Voorwaarden voor succesvolle communicatie omvatten:
* **Gedeelde taal:** Gebruik van dezelfde taal en variant (bv. geen chattaal in een formele context).
* **Duidelijke verwijzingen:** Zowel contextuele (onderdeel van het gesprek) als situationele (omstandigheden in de realiteit).
* **Achtergrondkennis:** Een gedeeld referentiekader.
* **Coöperatieve onderneming:** Betrokkenen passen hun bijdrage aan de situatie en aan elkaars veronderstelde kennis aan.
Communicatie kan worden verstoord door verschillende factoren die als 'ruis' worden aangeduid. Deze ruis kan intern zijn (bv. vooroordelen, eerste indruk) of extern (bv. omgevingsgeluid).
### 2.2 Soorten communicatie
Er zijn diverse manieren om communicatie te classificeren, gebaseerd op verschillende criteria.
#### 2.2.1 Extern versus intern
Dit onderscheid kijkt naar de richting van de communicatie in relatie tot een organisatie of groep.
* **Externe communicatie:** Richt zich op personen of organisaties buiten de eigen entiteit.
* *Voorbeeld:* Een poster voor een evenement van een jeugdbeweging ophangen in het dorp.
* *Voorbeeld:* Een e-mail van een potentiële klant doorsturen naar een collega.
* *Voorbeeld:* Een openbare Facebook-evenementpagina aanmaken.
* **Interne communicatie:** Richt zich op personen binnen de eigen organisatie of groep.
* *Voorbeeld:* Een telefoontje van de marketingdienst in een bedrijf.
* *Voorbeeld:* Een maandbrief van de schooldirecteur.
#### 2.2.2 Verbaal, paraverbaal en non-verbaal
Deze classificatie beschrijft de modaliteiten van de boodschapoverdracht.
* **Verbale communicatie:** De communicatie met behulp van woorden, zowel mondeling als schriftelijk, direct of indirect.

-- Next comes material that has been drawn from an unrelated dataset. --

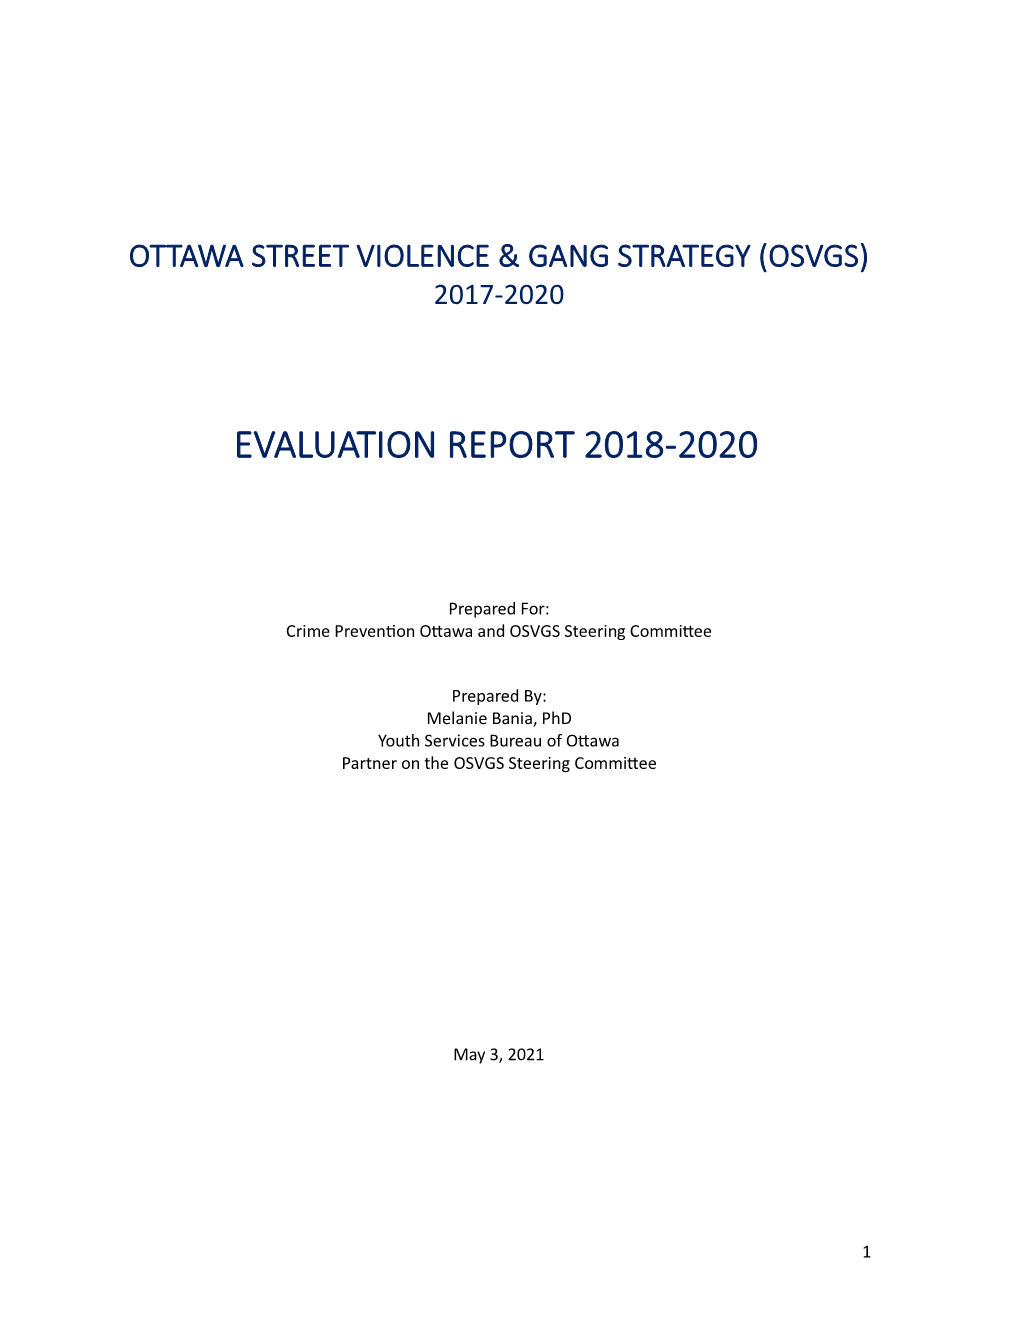 Ottawa Street Violence & Gang Strategy

* **Non-verbale communicatie:** Communicatie zonder woorden, voornamelijk visueel van aard.
* *Voorbeeld:* Een actrice die begint te huilen tijdens een aanvaardingstoespraak.
* *Voorbeeld:* Een scheidsrechter die een rode kaart trekt naar een voetballer.
* *Voorbeeld:* Een verkeersbord dat voorrang aangeeft.
* **Paraverbale communicatie:** Heeft betrekking op de manier waarop iets wordt gezegd of geschreven, en omvat elementen die de betekenis van de woorden beïnvloeden.
* *Voorbeeld:* Lettertype, lettergrootte en bladschikking in een geschreven tekst.
* *Voorbeeld:* De houding van de spreker tegenover het onderwerp.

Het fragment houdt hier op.